The representative said that only one person out of the nine had shown no improvement after the injection.

Versed was most recently used on a female in early June.

Three women of child bearing age have apparently gotten shots without consent, even though the package insert for Versed suggests that, “the patient should be apprised of the potential hazard to the fetus.”

“A single administration to calm a wildly delirious patient down even if she’s pregnant is much safer to the woman and her unborn child than being allowed to be delirious, hypothermic, hyperventilating and perhaps hypoxic,” Slovis said.

“I would think that with enough people being able to tackle the person to inject them, there should be another way to try to subdue someone without putting an injection in their vein,” Weinberg said.

The biggest side effect that is seen in more than 80 percent of those who are injected with Versed is amnesia.

The side effect raises the question of a person being able to defend themselves in court if they can’t remember what happened.

“If they would’ve said I’d done anything after that shot, hey, I couldn’t have argued that fact. I don’t remember,” Beasley said.

Kalodimos reported that while doing research for this report, she found a post on a paramedics Internet chat site that said, “One good thing about Versed is that the patient won’t remember how he got that footprint on his chest.”
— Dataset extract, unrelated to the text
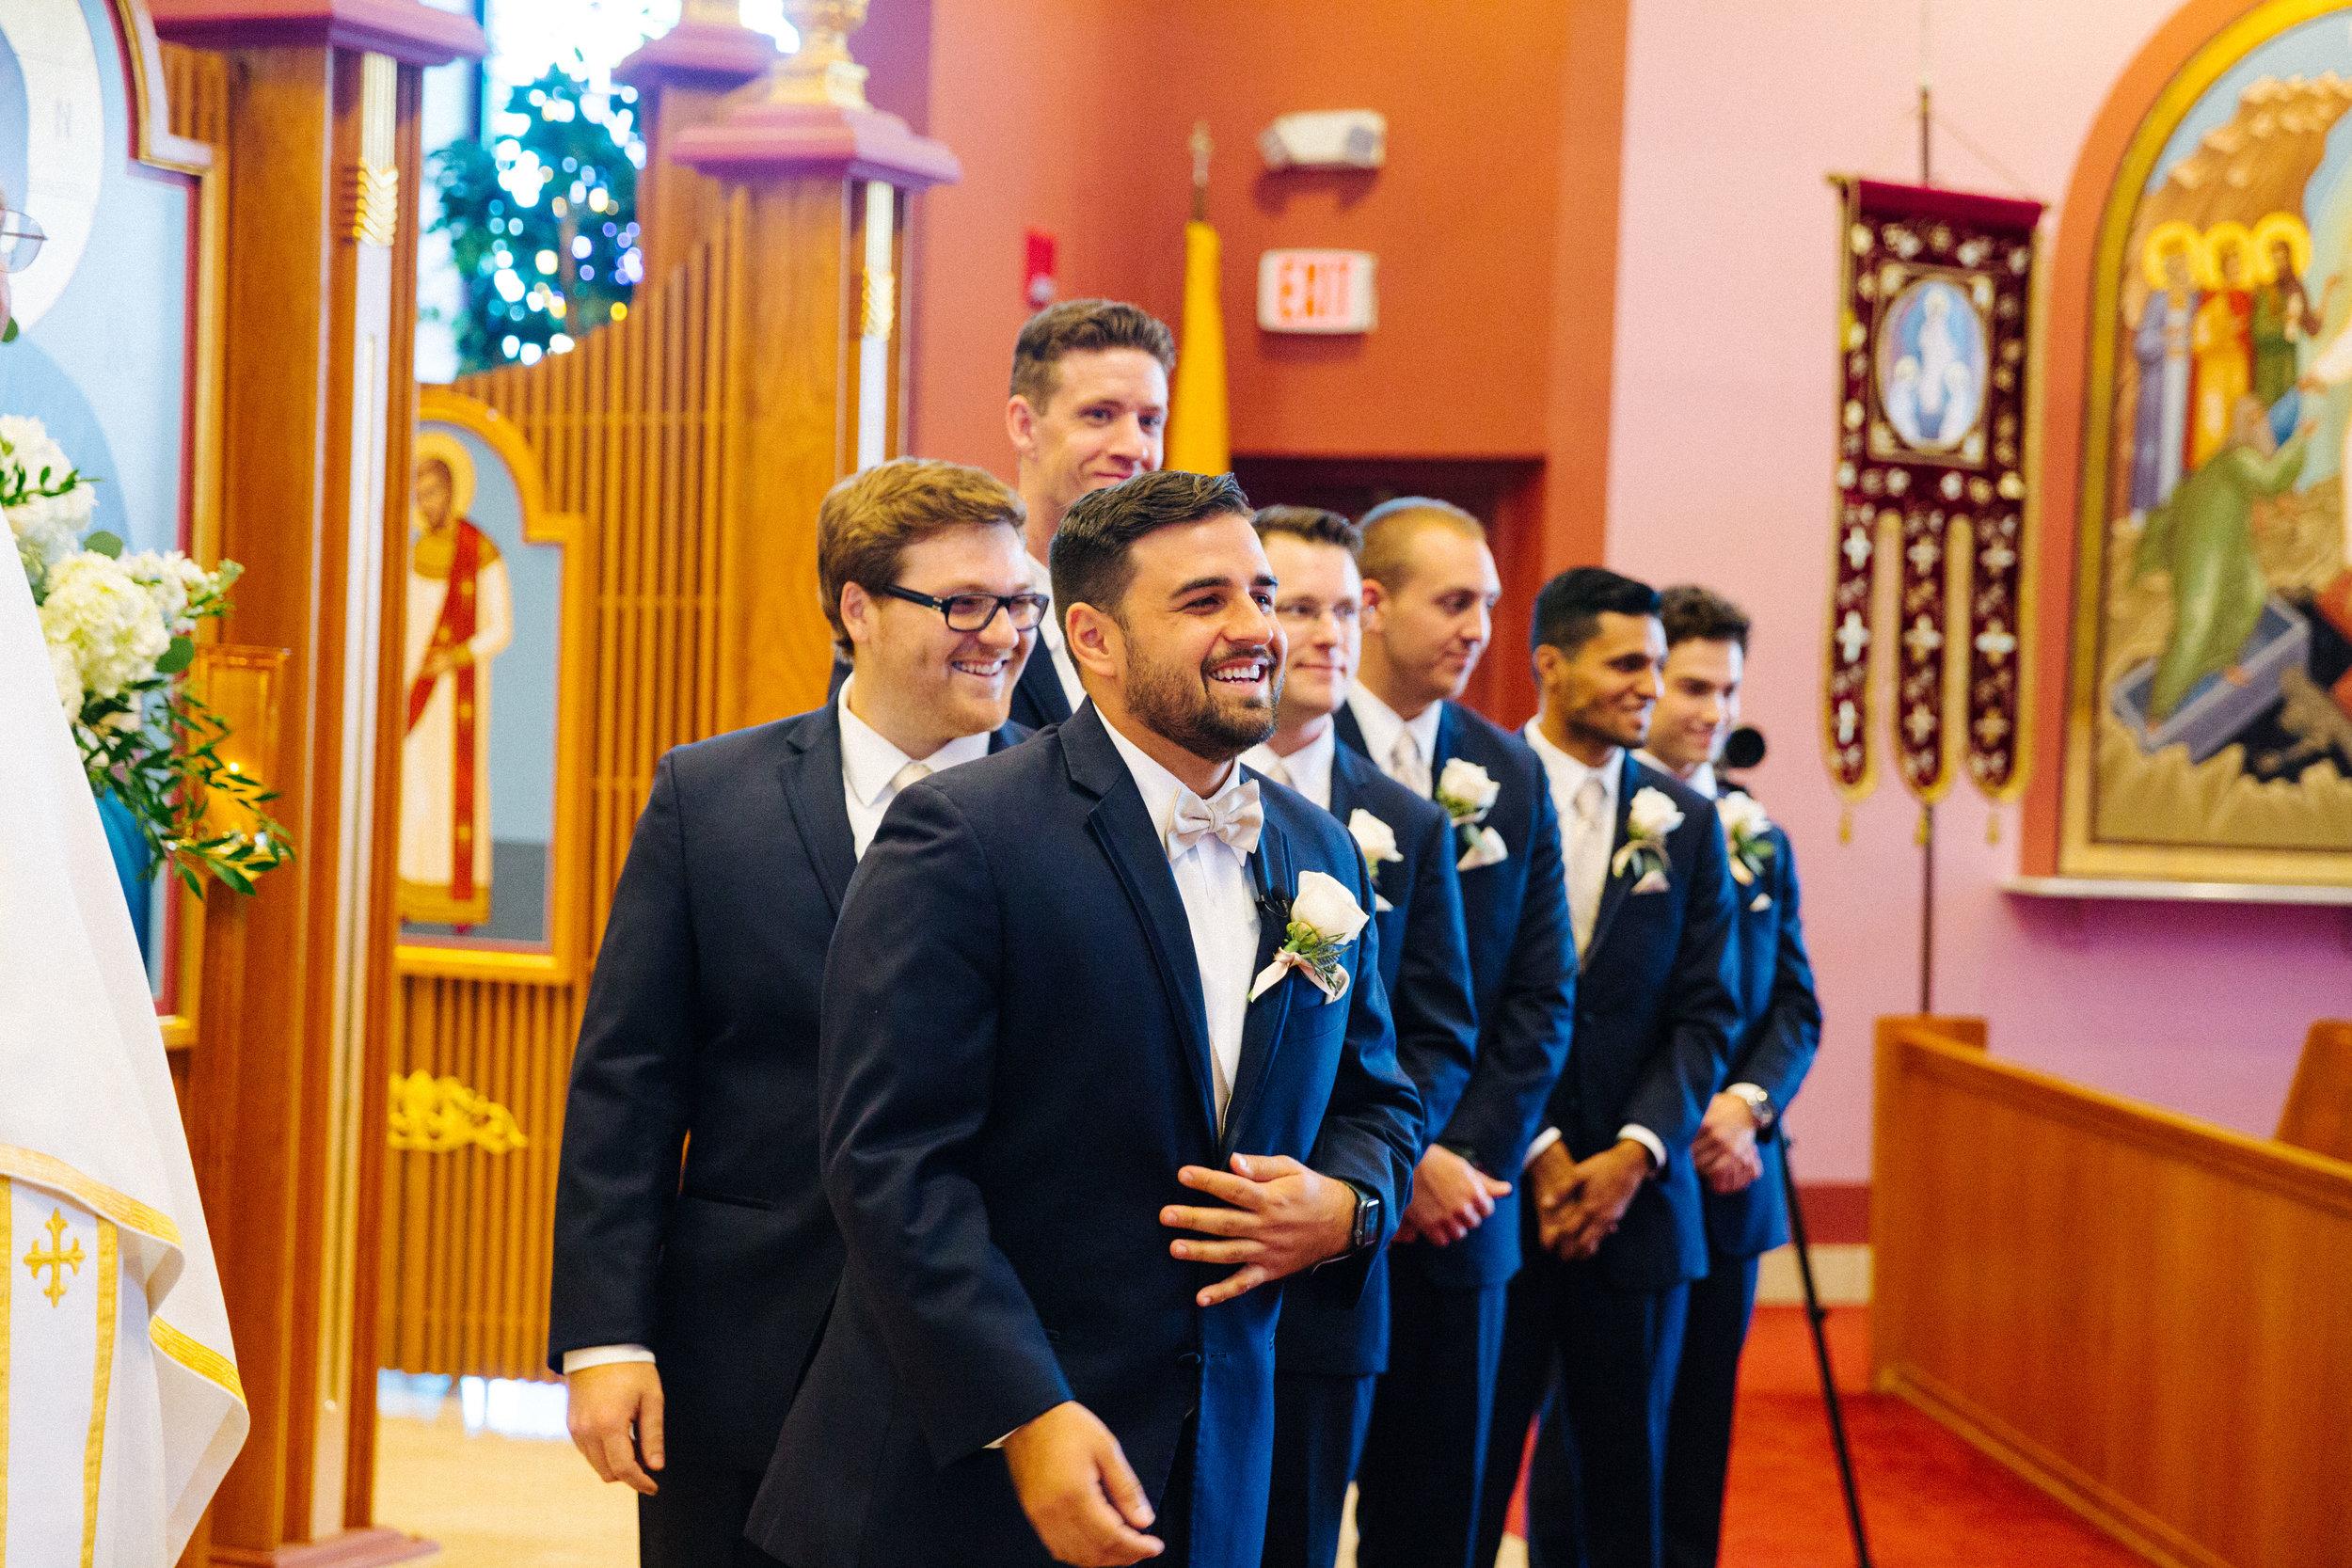 Ivan & Hannah - Ceremony - Jake & Katie Photography_070.jpg

“We’re very careful in Nashville,” Slovis said. “Every instance of Versed use is reviewed by the both medical director, myself, our head of EMS quality assurance. We make sure that our paramedics treat patients right.”

Miles said it would have been appropriate to put the idea of using Versed before what’s called an Institutional Review Board for study to anticipate problems before they pop up.

“It may well be that a protocol could be designed to test the use of Versed in handling agitated persons at the time of detention. I’m not going to say that’s not possible, but at any rate, you do it under a condition where you collect data rather than simply just going ahead and doing the drug and waiting to see if problems to develop,” he said.

Miles added that, “Doing medicine by the seat of your pants is not the way to develop new therapies.”

Slovis said the shots are given as a medical treatment, not a police function, even though ultimately they aid in an arrest.